St. Louis County has approved a rewrite of Ordinance 62 that would move data centers into a stricter zoning category and relax some rural junk-vehicle rules on shoreland property. The changes, approved by the County Board on June 3, cap a months-long review shaped by concerns over where large industrial uses belong and how they could affect utilities, emergency services and surrounding land uses.
The zoning code was first adopted in 2015 and amended in 2016, 2020, 2022, 2023 and 2025. County planning staff said the latest rewrite was meant to reduce ambiguity, keep the ordinance consistent with other rules and remove unnecessary administrative requirements. The Planning Commission held a workshop on December 18, 2025, opened the public review period, and then held a public hearing on February 5 after a 45-day comment window. The County Board later held its hearing on April 14 at 10 a.m. in White Township, near Aurora.

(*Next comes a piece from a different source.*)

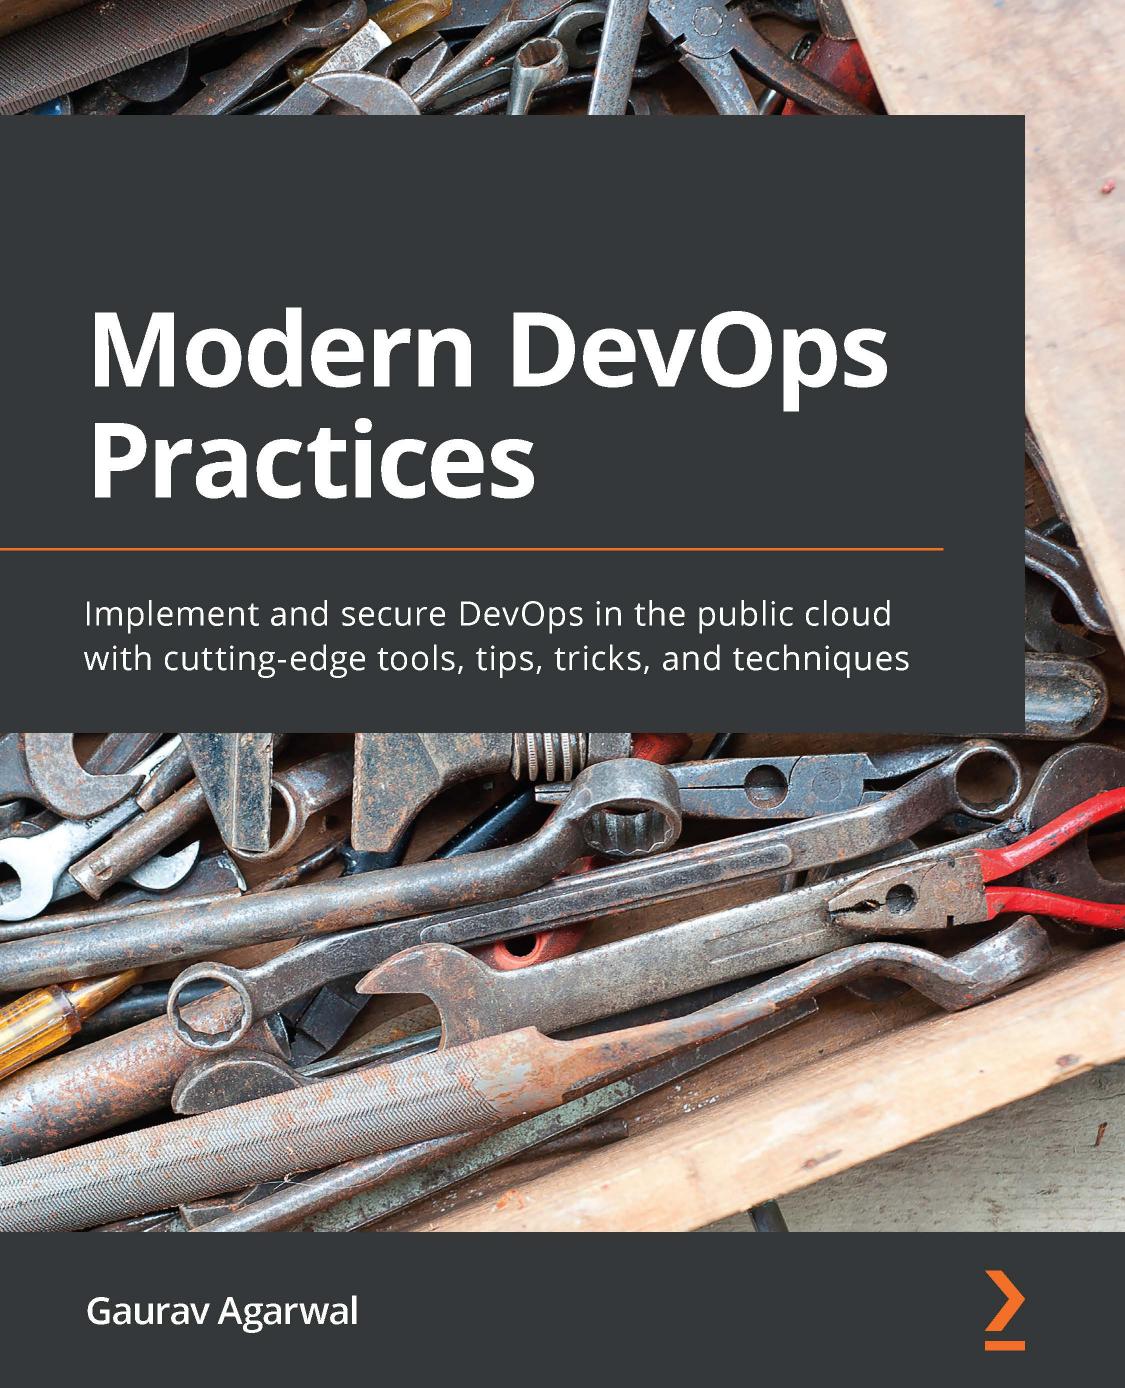 Modern DevOps Practices: Implement and Secure DevOps in the Public Cloud with Cutting-Edge Tools, Tips, Tricks, and Techniques

One of the most closely watched changes would reclassify data centers from Commercial III to Industrial II. County planners said Commercial III covers uses such as call centers, retail stores and service establishments, while Industrial II includes crematories, factories and industrial parks. Allison Hafften of Proctor urged county officials to define and regulate data centers more specifically, saying hyperscale facilities can place long-term demands on public infrastructure and utilities, electrical power, water supply, emergency services and nearby land uses. She said a data-center-specific category would help ensure projects are evaluated, sited and mitigated under the county comprehensive plan.

The debate unfolded against a regional backdrop already centered on Hermantown, where Google is behind a proposed data center that has drawn intense public attention. Draft development documents for that project described a buildout of about 1.2 million square feet, roughly $130 million in public infrastructure, an estimated $33.5 million tax abatement over 28 years and more than $40 million for the local school district.
The ordinance revision also changes the county’s approach to junk vehicles. Under the draft, the county would eliminate a 2.5-acre minimum lot-size requirement for shoreland properties with more than five inoperable vehicles, while limiting riparian properties to five operable vehicles if they are screened from public view and meet setback rules. Non-riparian property would remain unchanged. Planning Director Ryan Logan said the goal was to make the ordinance less restrictive and reflect practices already in use for years.

Not everyone agreed. Jim Hofsommer, a Colvin Town Board supervisor who was involved in the original late-1990s debate, said he saw no need to reopen the issue and questioned the cost and reach of conditional-use permits. Jack Carlson, president of the Duluth Building and Construction Trades Council, said project labor agreements matter because workers’ jobs and careers can be put at risk. Commissioner Mike Jugovich said the board needed to listen to constituents while weighing the interests of building trades. The final approval now gives St. Louis County a new precedent for where industrial uses can go, and how tightly rural landowners and developers will be regulated.